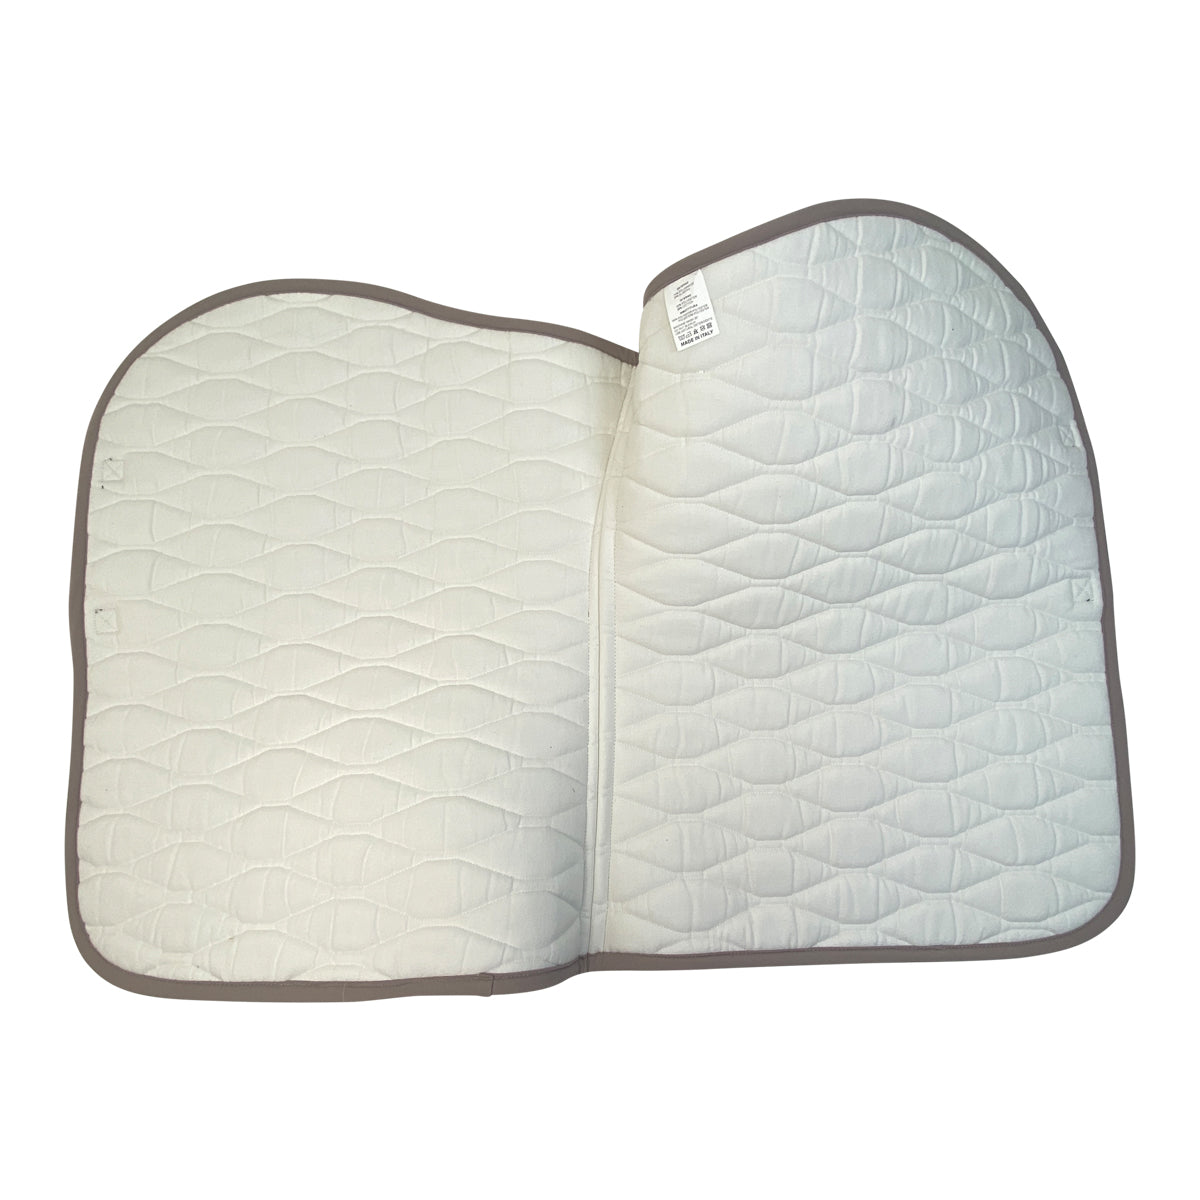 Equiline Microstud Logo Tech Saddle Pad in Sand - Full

--

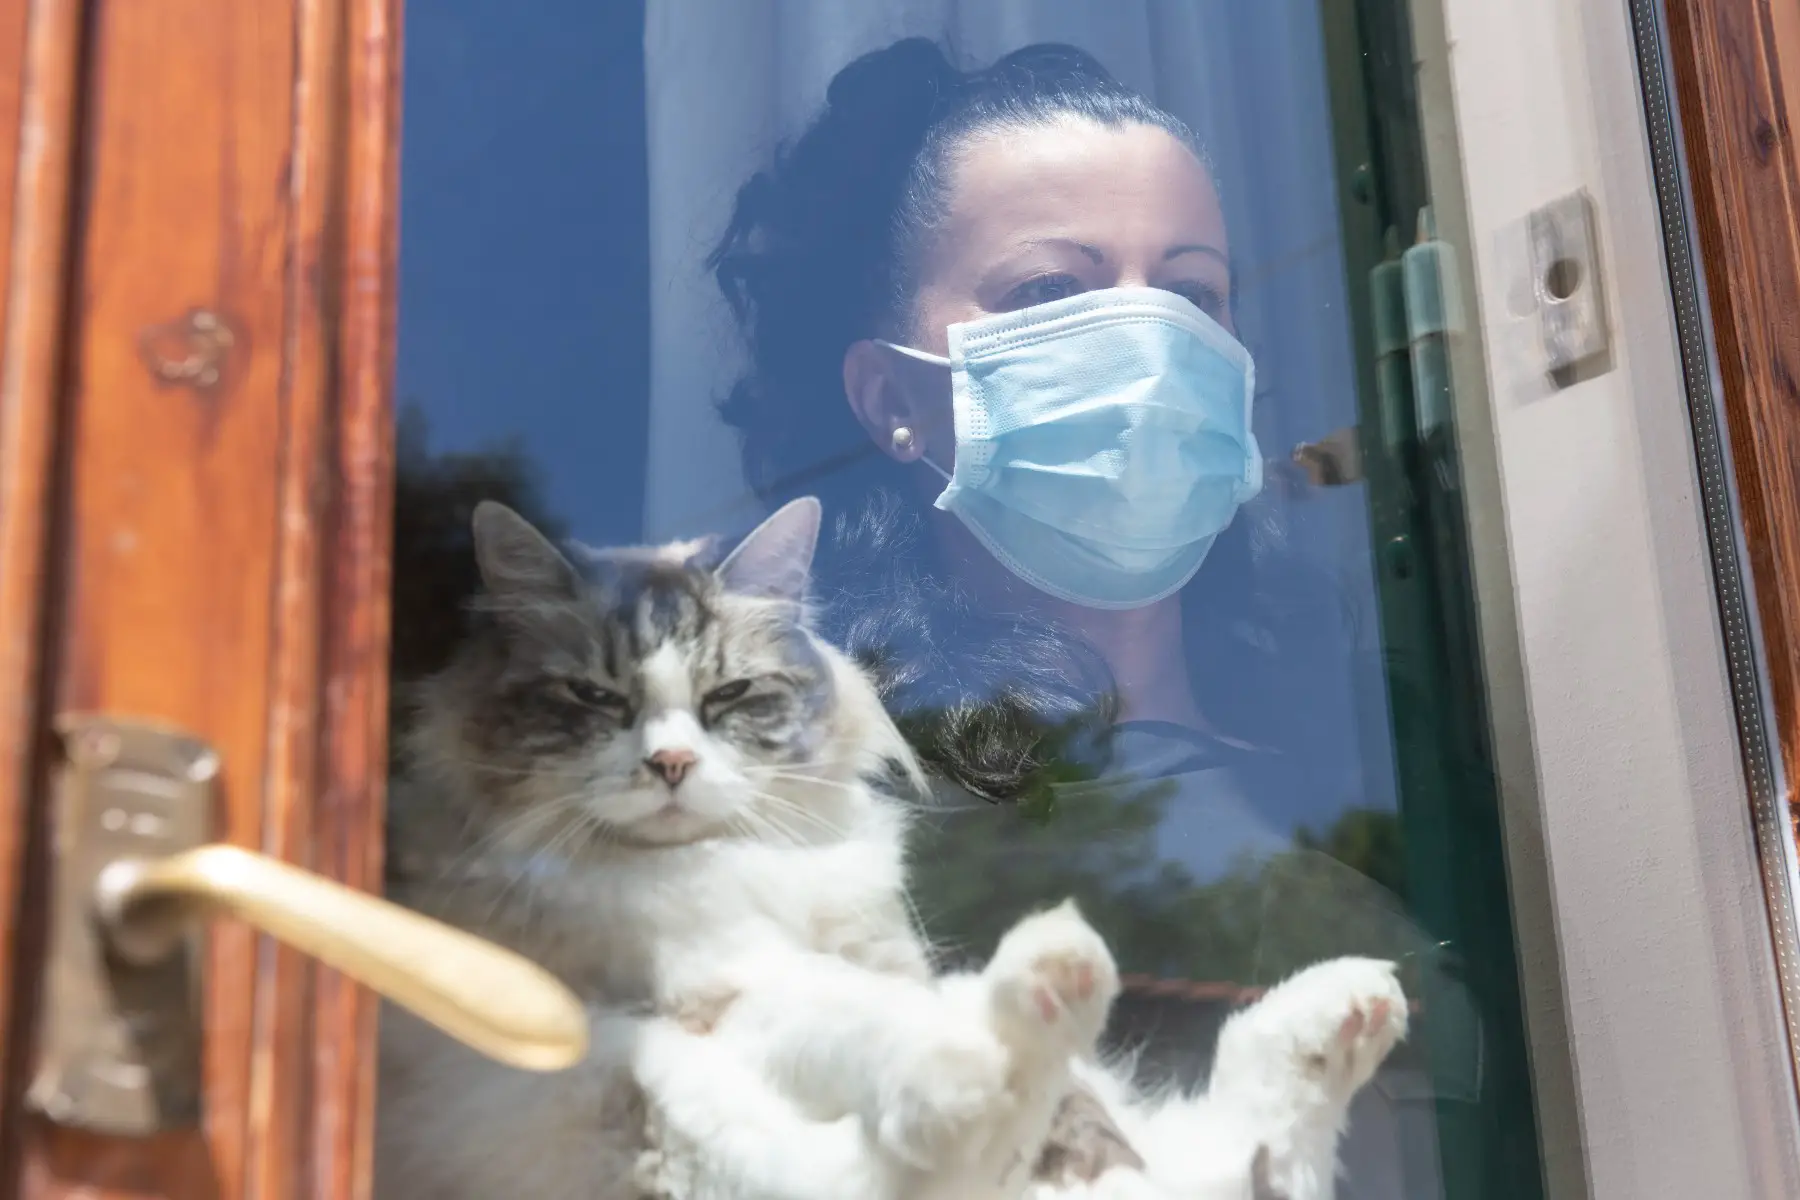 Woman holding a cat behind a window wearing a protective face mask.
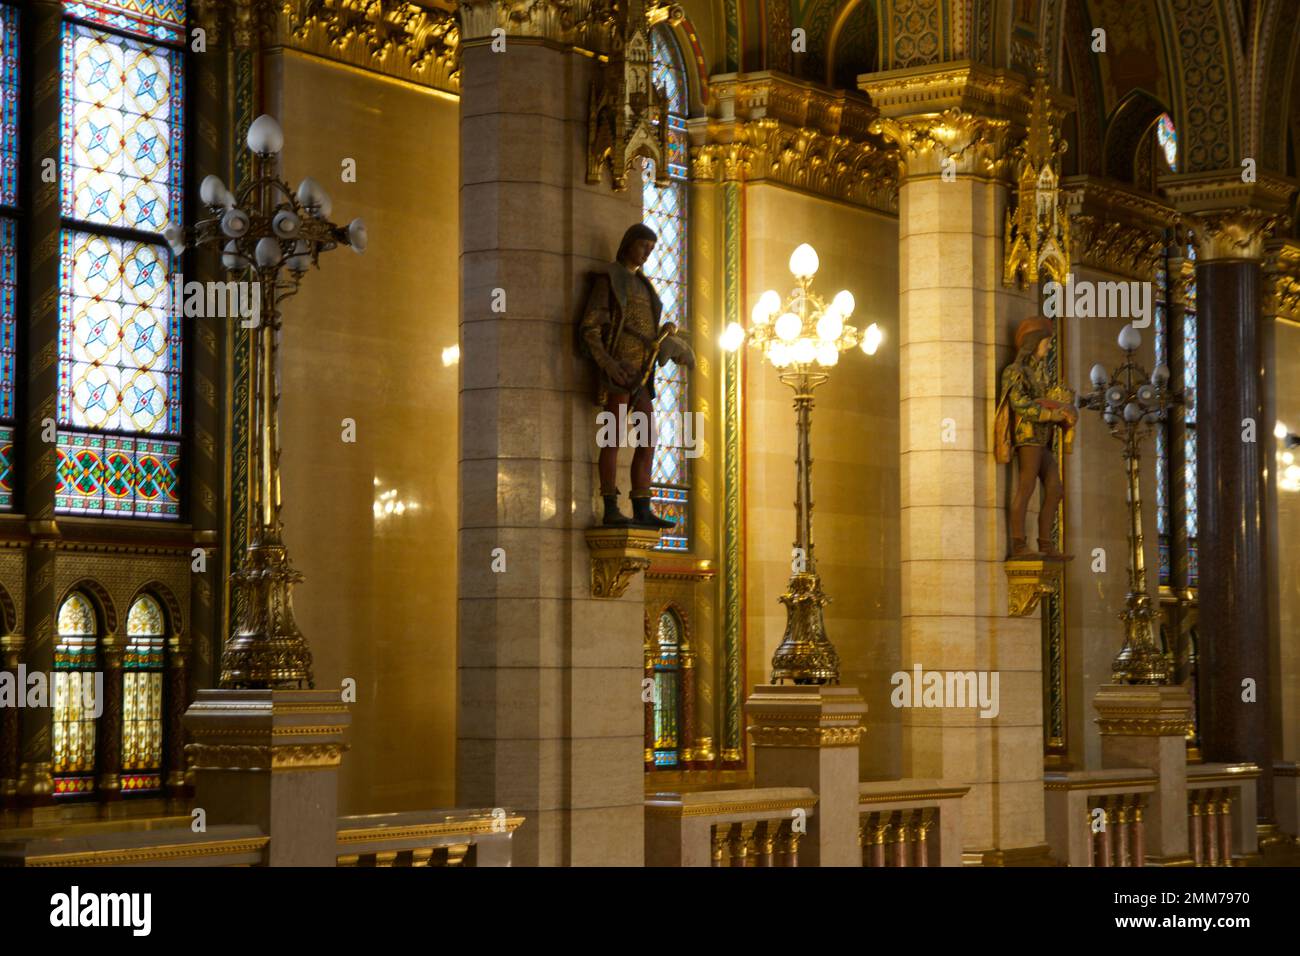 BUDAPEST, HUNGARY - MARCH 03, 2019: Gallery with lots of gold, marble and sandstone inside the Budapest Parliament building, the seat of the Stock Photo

...

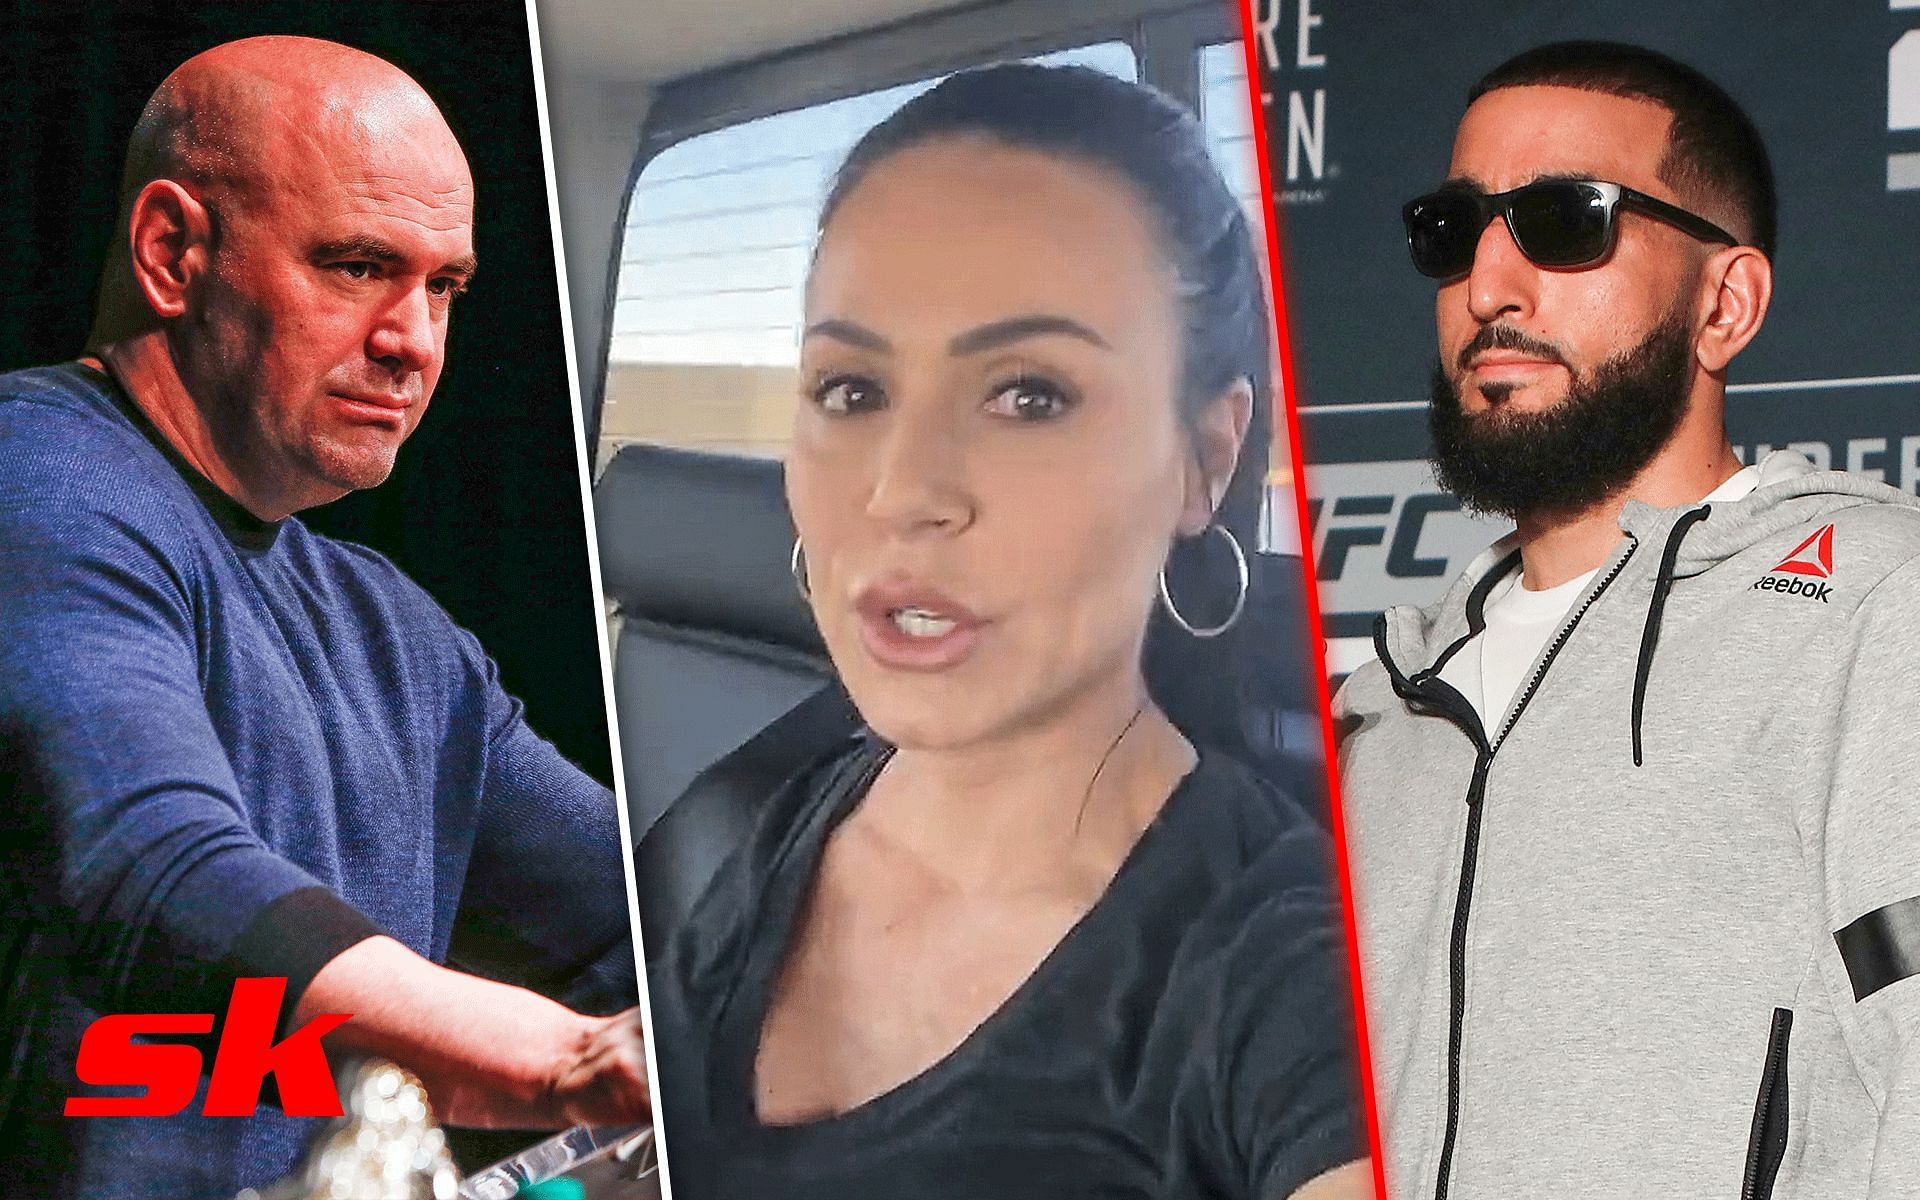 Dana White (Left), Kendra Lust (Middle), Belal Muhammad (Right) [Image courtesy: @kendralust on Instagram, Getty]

## Exercise
Lines from the one above containing "Woman holding a" down to the one containing "BUDAPEST, HUNGARY - MARCH" should be transcribed exactly, with both ends kept and no pictures.

## Response
 Woman holding a cat behind a window wearing a protective face mask.
 BUDAPEST, HUNGARY - MARCH 03, 2019: Gallery with lots of gold, marble and sandstone inside the Budapest Parliament building, the seat of the Stock Photo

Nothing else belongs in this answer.